- Theatrical poster
- Directed by: Stephanie Soechtig
- Written by: Stephanie Soechtig; Mark Monroe;
- Produced by: Stephanie Soechtig; Sarah Olson; Eve Marson;
- Narrated by: Katie Couric
- Cinematography: Scott Sinkler
- Edited by: Brian David Lazarte; Tina Nguyen; Dan Swietlik;
- Music by: Michael Brook
- Production companies: Atlas Films Diamond Docs Artemis Rising Foundation
- Distributed by: RADiUS-TWC
- Release dates: January 19, 2014 (Sundance); May 9, 2014 (United States);
- Running time: 92 minutes
- Country: United States
- Language: English
- Box office: $1.5 million

= Fed Up (film) =

2014 documentary film by Stephanie Soechting

Fed Up is a 2014 American documentary film directed, written and produced by Stephanie Soechtig. The film focuses on the causes of obesity in the US, presenting evidence showing large quantities of sugar in processed foods are an overlooked root of the problem, and points to the monied lobbying power of "Big Sugar" in blocking attempts to enact policies to address the issue.

==Synopsis==
Fed Up shows how the first dietary guidelines issued by the U.S. government 30 years ago overlooked the role of dietary sugar in increasing risks of obesity, diabetes, and associated ill-health outcomes, particularly in children. Since these guidelines effectively condoned the unlimited addition of sugar to foods consumed by children, sugar consumption has greatly increased, obesity has skyrocketed, and generations of children have grown up far fatter than their parents. These children face impaired health and shorter lifespans as a result. As the relationship between the high-sugar diet and poor health has emerged, entrenched sugar industry interests with almost unlimited financial lobbying resources have nullified attempts by parents, schools, states, and in Congress to provide a healthier diet for children.
The film concludes with a list of 20 companies, industry groups and politicians who refused to talk to the filmmakers.

==Production, premiere and release ==
The director, Stephanie Soechtig, said she followed some of the families struggling mightily with obesity, diabetes and other health issues for more than two years during the making of the film.
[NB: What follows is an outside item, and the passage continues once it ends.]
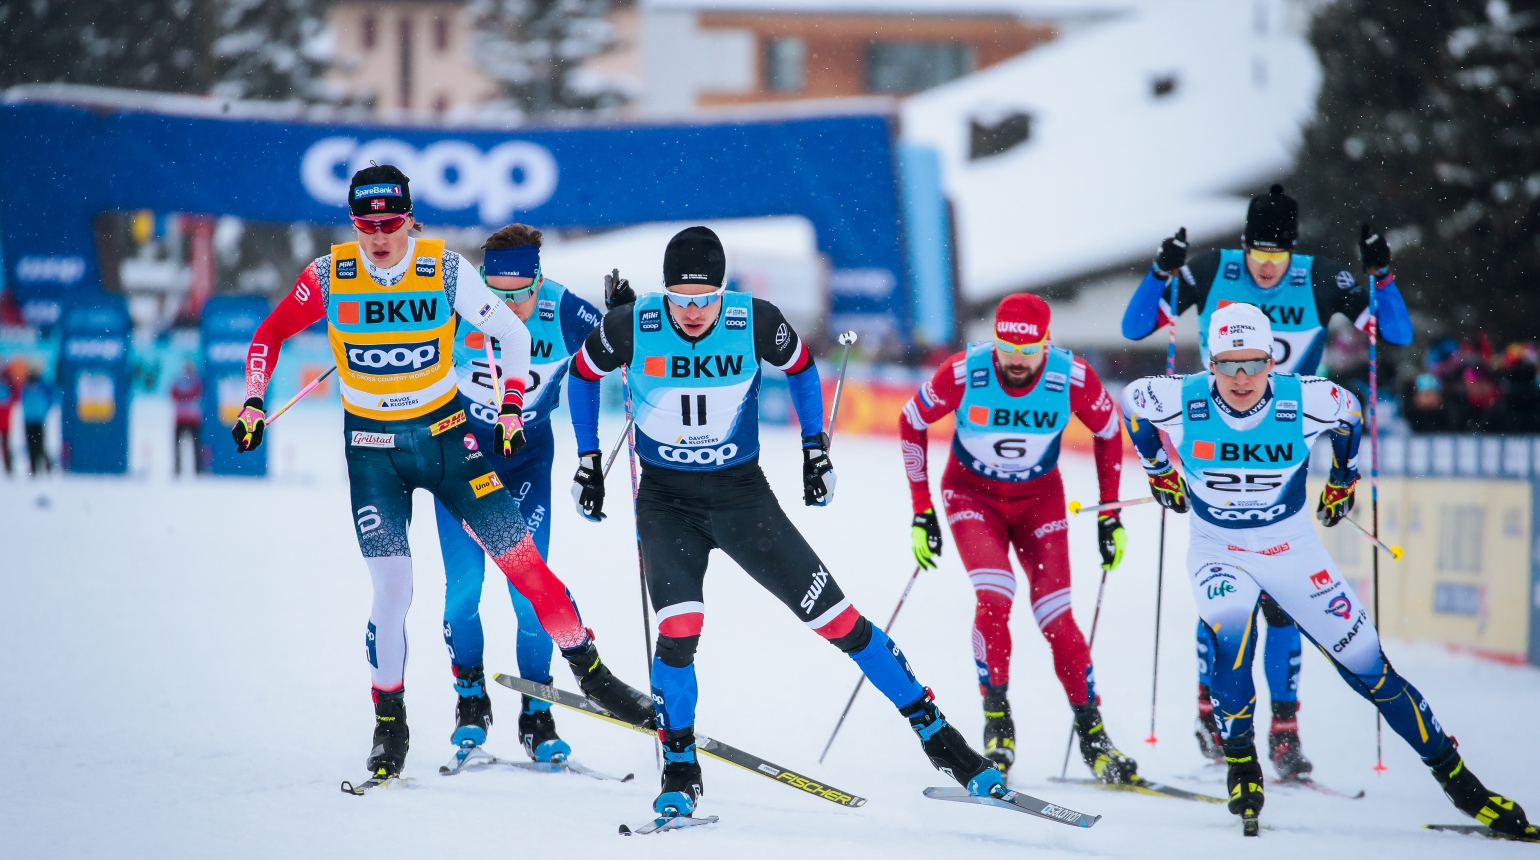 Fantastický výkon českých běžců ve sprintu! V Davosu jich pět prošlo do čtvrtfinále, nejlepší 14. Novák

American journalist and TV personality Katie Couric co-produced the documentary and is its narrator. The film premiered in competition category of U.S. Documentary Competition program at the 2014 Sundance Film Festival on January 19, 2014.

After its premiere at the 2014 Sundance Film Festival, RADiUS-TWC acquired distribution rights of the film. The film was released on May 9, 2014, in the United States.

==Reception==
Fed Up received a positive response from critics. Review aggregator Rotten Tomatoes reports 80% of 66 film critics have given the film a positive review, with a rating average of 7 out of 10.
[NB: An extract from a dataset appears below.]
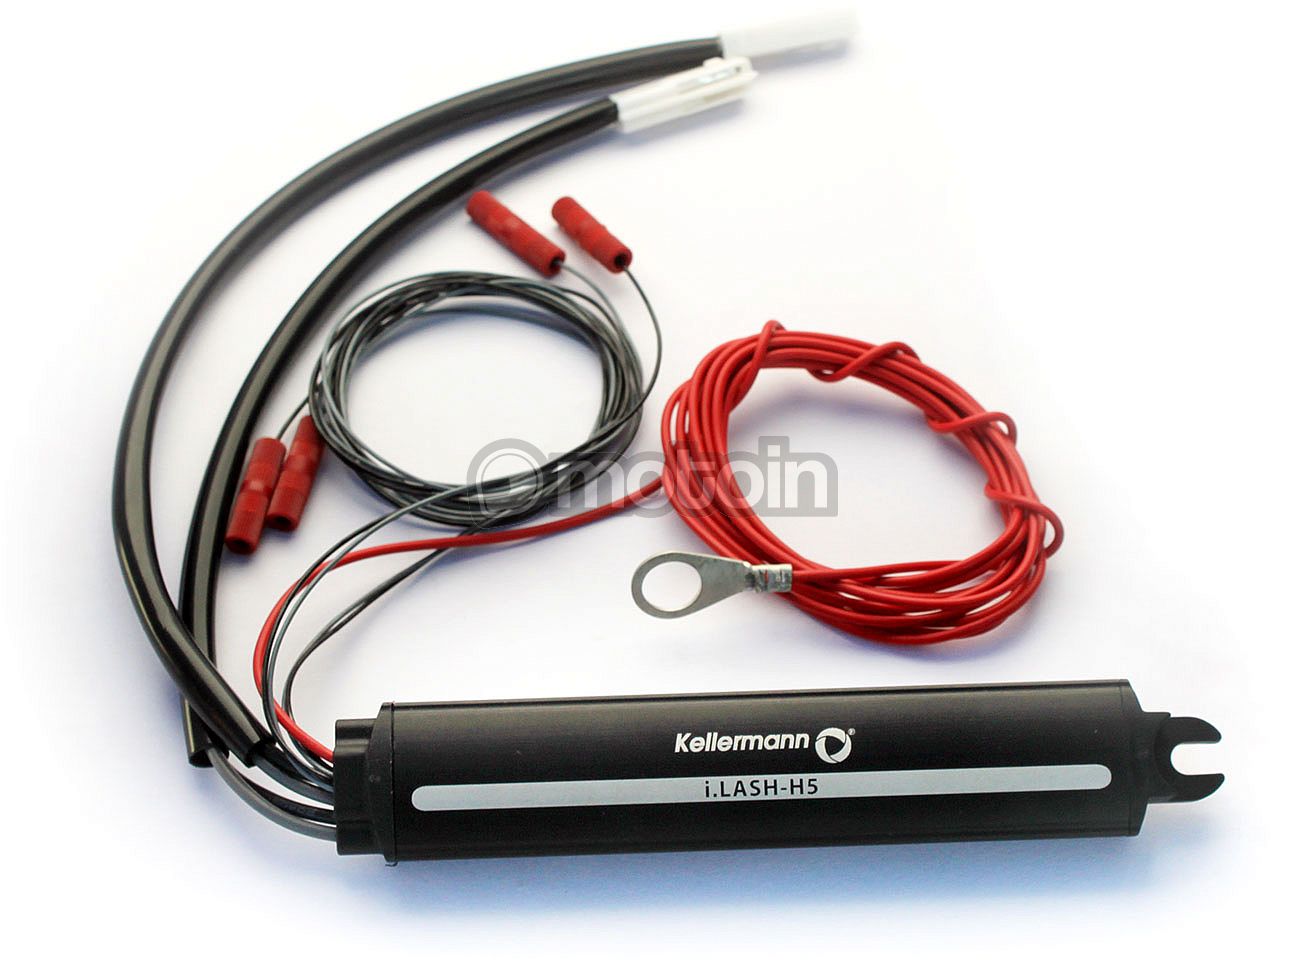 Kellermann i.LASH H5, adapter kabelset

In her review for LA Weekly, Amy Nicholson praised the film by saying "Fed Up is poised to be the Inconvenient Truth of the health movement. (Which makes sense - producer Laurie David worked on both.)" Geoffrey Berkshire in his review for Variety said "Stephanie Soechtig's documentary effectively gets the message out about America's addiction to unhealthy food." Robert Cameron Fowler from Indiewire in his review said "'Fed Up' is a glossy package that gets its warnings across loud and clear: we need to change what we eat."
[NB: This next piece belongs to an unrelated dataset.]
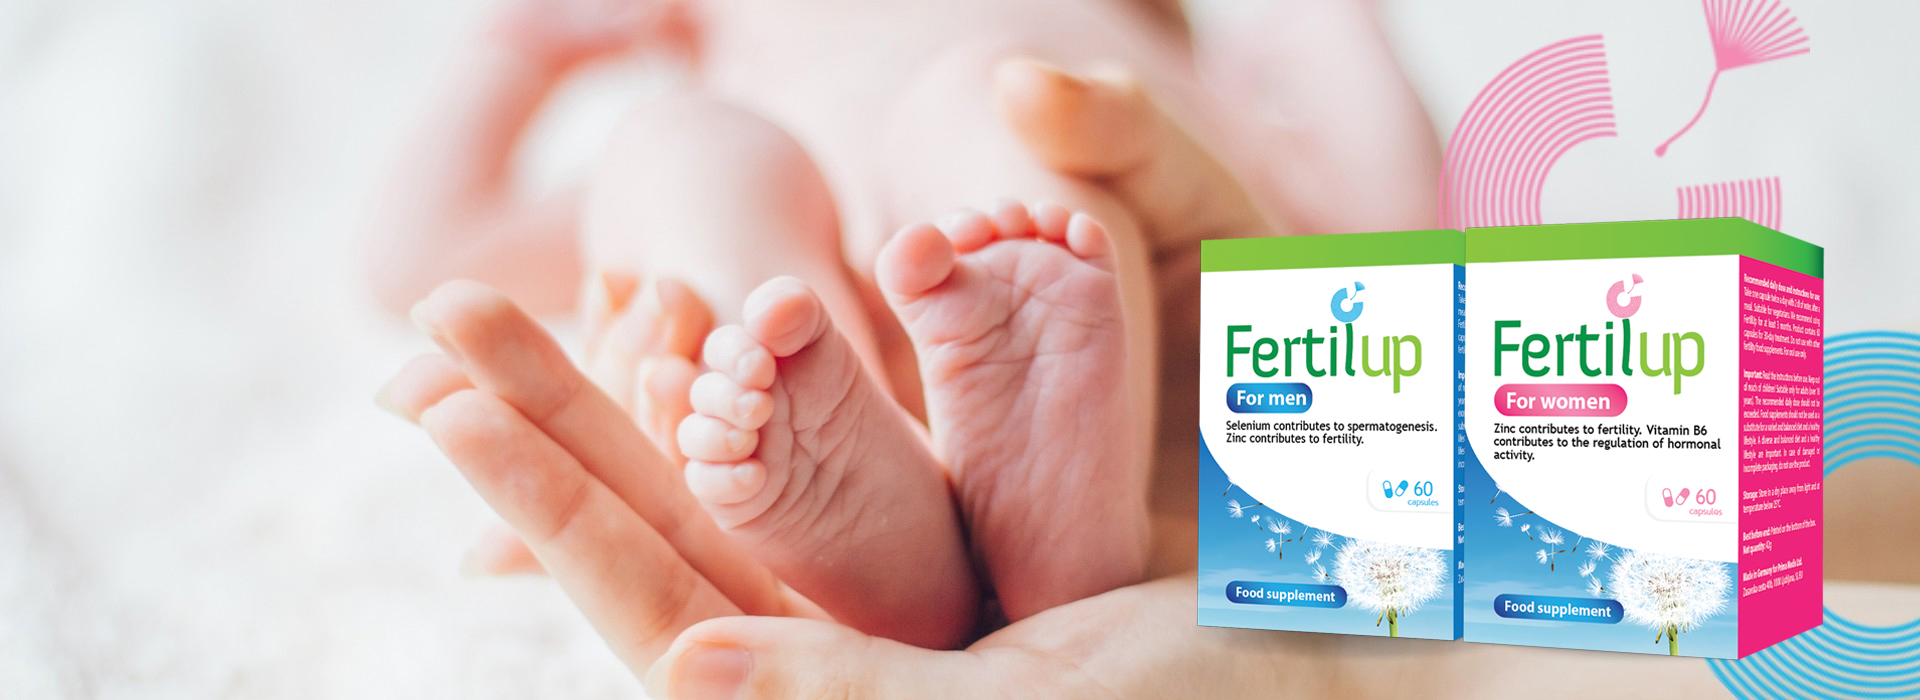 infertilita-fertilita

Justin Lowe of The Hollywood Reporter praises the film as highly relevant, though overly-detailed—the "Highly relevant film diminishes its central message with distracting details."

As Manohla Dargis succinctly summarizes in her review for The New York Times:
Recent research ... indicates calories in fruit are not the same as those in soda, a conclusion that is part of the big picture in "Fed Up," a very good advocacy documentary ... A whirlwind of talking heads, found footage, scary statistics and cartoonish graphics, the movie is a fast, coolly incensed investigation into why people are getting fatter. It also includes some touching video self-portraits by some young people who belong to the almost 17 percent of children and adolescents, 2 to 19, who are considered obese.

==Criticism==

The documentary has been criticized by multiple Physicians and scientists as misrepresentative of scientific evidence in multiple occasions. The film makes the claim that drinking one soda a day will increase a child's chance of becoming obese by 60%. The scientists who are the authors of the study this statistic comes from state they cannot prove this causality, as the film claims, only an association.

Harriet Hall, writing in Science-Based Medicine, noted how the film's selection of experts consists mainly of politicians and journalists with few relevant nutritional scientists or doctors. She also argues the definitive pronouncements the film makes about the role of sugar are premature as there are too many other possible confounders such as lifestyle, total calorie consumption and the type of foods being eaten. Hall also goes on to provide a comprehensive list of statements in the film not based on scientific evidence. She concludes by saying "the film will undoubtedly do some good by helping raise public awareness of childhood obesity" but wishes "it could have done so without misrepresenting the facts".